Abstract
The Kyoto Encyclopedia of Genes and Genomes (KEGG) is the primary database resource of the Japanese GenomeNet service (http://www.genome.ad.jp/) for understanding higher order functional meanings and utilities of the cell or the organism from its genome information. KEGG consists of the PATHWAY database for the computerized knowledge on molecular interaction networks such as pathways and complexes, the GENES database for the information about genes and proteins generated by genome sequencing projects, and the LIGAND database for the information about chemical compounds and chemical reactions that are relevant to cellular processes. In addition to these three main databases, limited amounts of experimental data for microarray gene expression profiles and yeast two-hybrid systems are stored in the EXPRESSION and BRITE databases, respectively. Furthermore, a new database, named SSDB, is available for exploring the universe of all protein coding genes in the complete genomes and for identifying functional links and ortholog groups. The data objects in the KEGG databases are all represented as graphs and various computational methods are developed to detect graph features that can be related to biological functions. For example, the correlated clusters are graph similarities which can be used to predict a set of genes coding for a pathway or a complex, as summarized in the ortholog group tables, and the cliques in the SSDB graph are used to annotate genes. The KEGG databases are updated daily and made freely available (http://www.genome.ad.jp/kegg/).
INTRODUCTION
The GenomeNet (http://www.genome.ad.jp/) was established in September 1991 under the Human Genome Program of the then Ministry of Education, Science and Culture of Japan as a network of databases and computational services for genome research and related research areas in molecular and cellular biology (1). The GenomeNet is currently operated by the Bioinformatics Center of Kyoto University focusing more on functional genomics and proteomics but still supporting most of the major molecular biology databases. The primary resource of the GenomeNet is the Kyoto Encyclopedia of Genes and Genomes (KEGG) (2). The KEGG project was initiated in May 1995, aimed at understanding the basic principles, as well as practical utilities, of the relations between genomic information and higher order functional information.

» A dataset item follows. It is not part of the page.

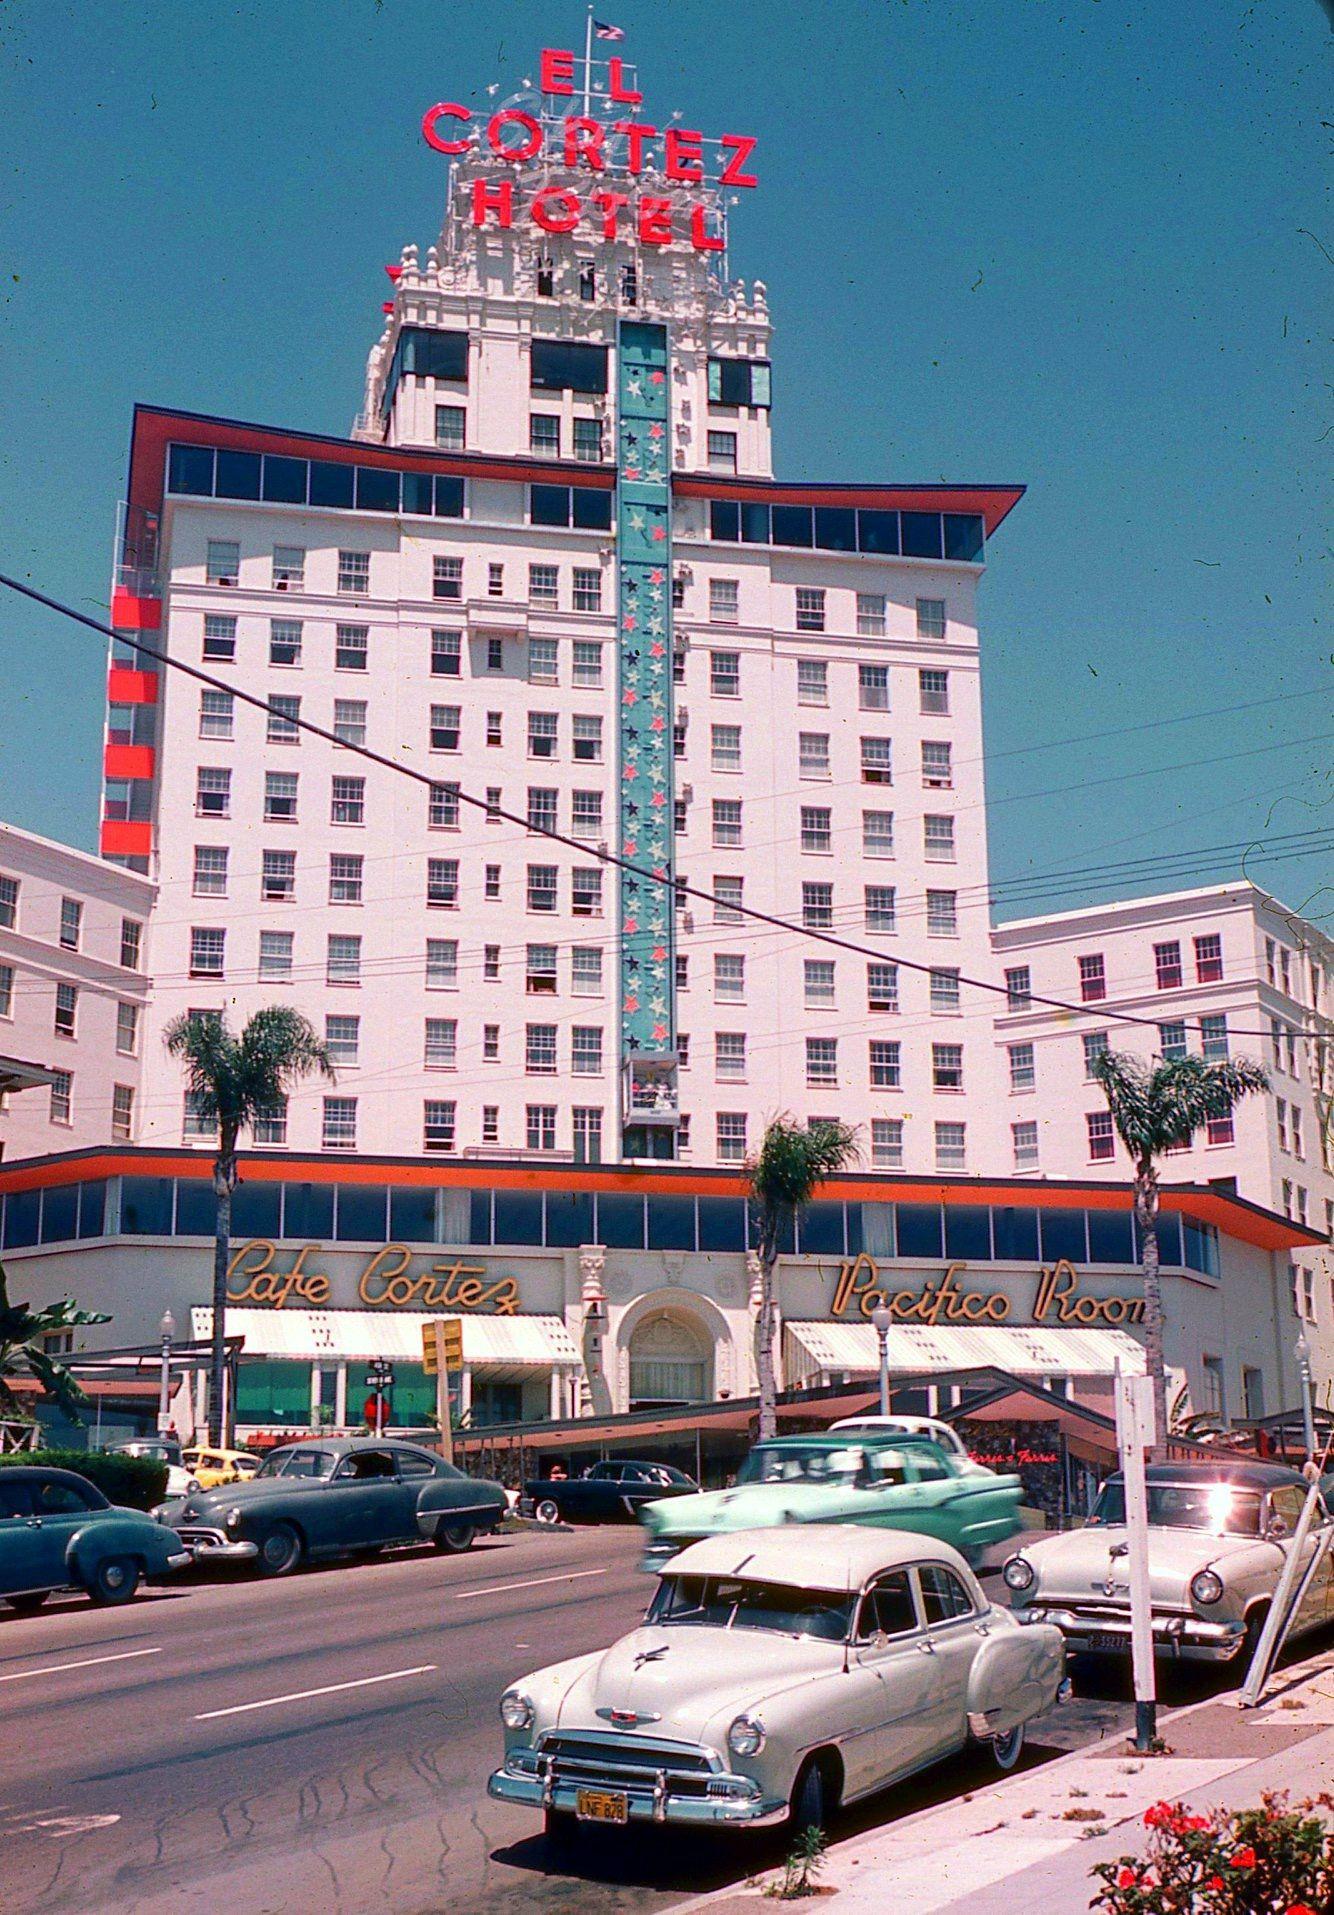 El Cortez Hotel, San Diego, CA, 1958 (With Images)

While new high-throughput experimental technologies, such as DNA chips, are continuously developed and elaborated to decipher the genome, it is also extremely important to fully make use of the data and knowledge accumulated by traditional experiments in all areas of biomedical sciences. KEGG computerizes such data and knowledge not as text information to be read by humans but as graph information to be manipulated by machines. The KEGG/PATHWAY database contains reference diagrams for molecular pathways and complexes involving various cellular processes, which can readily be integrated with genomic information. A key to this integration is graph representation (3). Mathematically, a graph is a set of nodes and a set of edges. In KEGG the genome is a graph of genes that are one-dimensionally connected and the pathway is a graph of gene products (mostly proteins but including RNAs and complexes) with more complicated patterns of connections. By matching genes in the genome and gene products in the pathway, KEGG can be utilized to predict protein interaction networks and associated cellular functions.
From the perspective of graph representation, the chemical object of protein three-dimensional structure is a graph consisting of atoms (nodes) and atomic interactions (edges). The molecular biological object of protein sequence is a graph of one-dimensionally connected amino acids (nodes). The KEGG data object is a graph consisting of genes or proteins as its nodes and various types of relations or interactions as its edges, as summarized in Table 1. Thus, KEGG is a complementary resource to the existing databases on sequences and three-dimensional structures, focusing on higher level information about interactions and relations of genes or proteins.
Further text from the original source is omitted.